# Distressing/Aging NEW Chrome



## Oldbikes

I was reading the thread on faux paint finishes and was wondering if any one has found a way to age newly chromed parts -- on an og paint bike-- to give it a patina that matches?!

Thanks in advance,
Alan


----------



## rjs5700

Dilute some muriatic acid in a gallon of water and apply it to the chrome a little at a time. Keep a close eye on it and rinse it often with a hose. The acid will start to yellow the finish. It is actually taking off the plating. Don't use too much acid or leave it on too long or it will take off all the chrome. Practice on an old piece to see if it gives the effect you are looking for. Be sure to wear rubber gloves and don't get it on your skin or clothes cause it's powerful stuff undiluted. Also don't breathe the fumes.
John


----------



## Oldbikes

Will give it a try!

Thanks.


----------



## PCHiggin

*What???*

This is a new one. Why not just leave the chrome original? Pat


----------



## doubleduty

*The original chrome*

The original chrome is probably the fenders and they are probably damaged beyond repair. Or maybe a part that is completely missing.

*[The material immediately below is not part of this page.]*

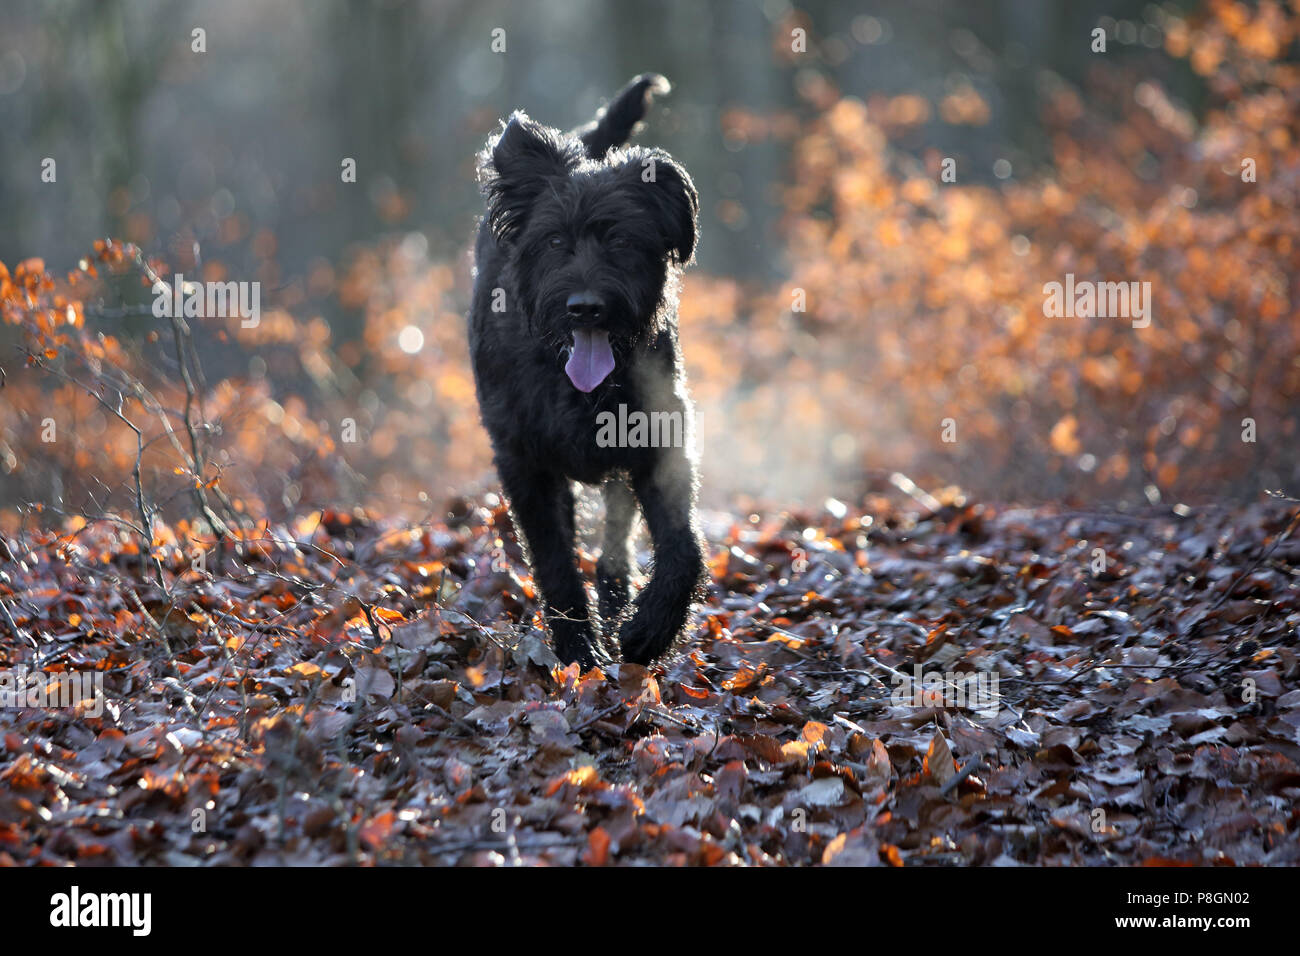 Nueva Kaetwin, Alemania, Giant Schnauzer ejecuta jadeando en el bosque en hojas de otoño Foto de stock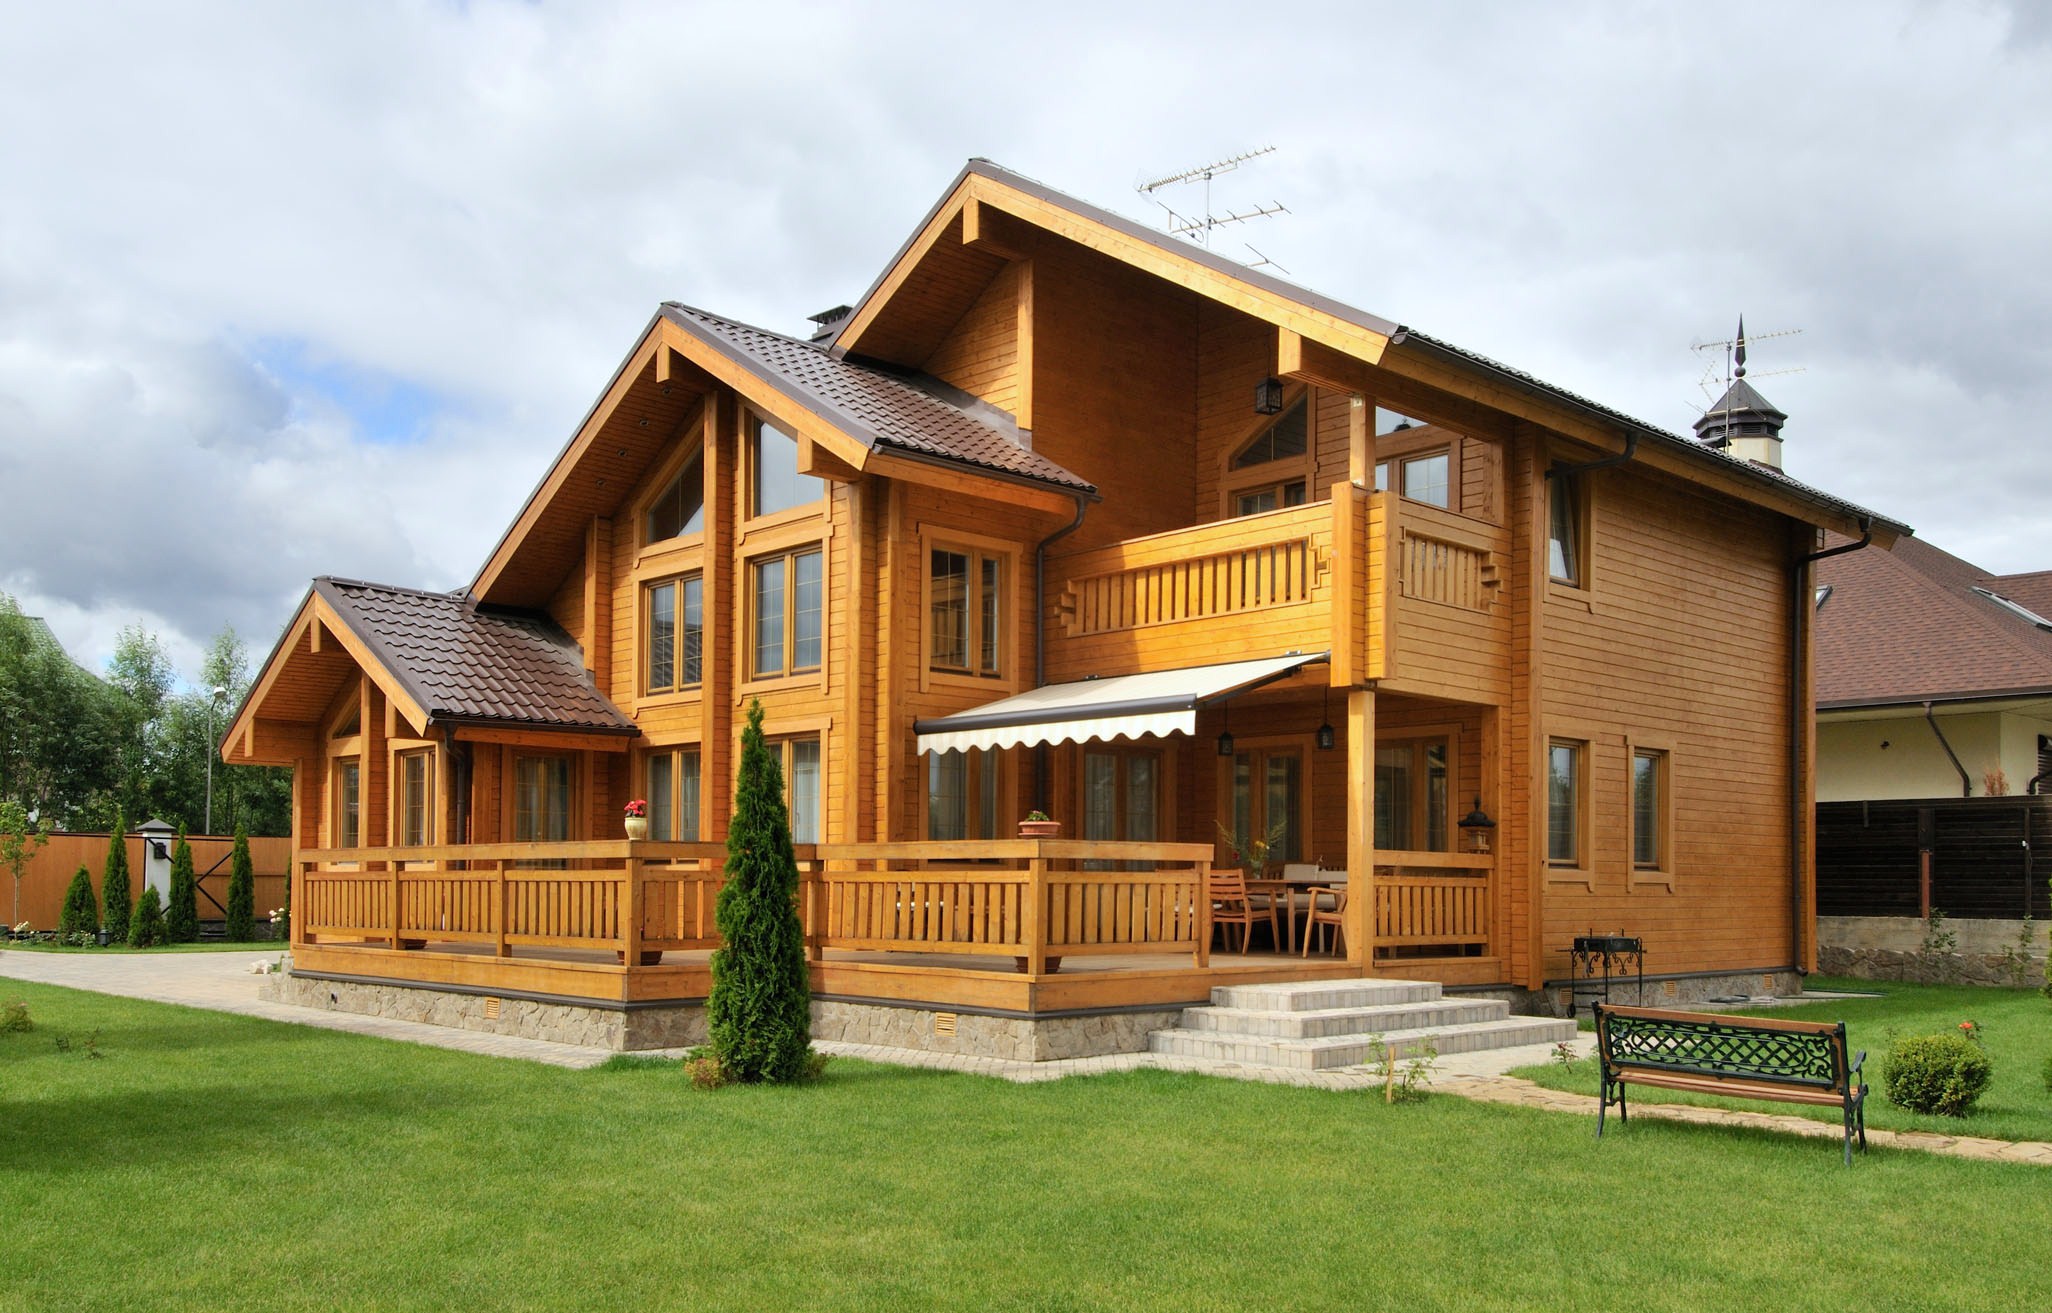 Haus aus Holz - die Kosten für den Bau selbst

So he has a new part that is all shiny and stands out like a sore thumb! LOL!


----------



## 37fleetwood

careful with the muriatic acid it turns chrome a greenish color and to me it didn't look exactly old just damaged. oh and never put anything chromed in acid with anything of another material it may set up an electrolisys process and dechrome your piece entirely (I've accidently done it!)
Scott


----------



## vintbike

you could try sanding it very lightly, then wiping some slightly salty water on it, and leaving it outside in the sun for a few days... repeating the salt water regularly..

worked for me.


----------



## 37fleetwood

old chrome gets kind of milky. I don't know how you would replicate that. you could always leave it out on the roof for a few weeks and see if it dingy's up at all.
Scott


----------



## partsguy

No. 7 is sweet when it comes to _chrome_ but why not save money? just buy parts already rusted out.


----------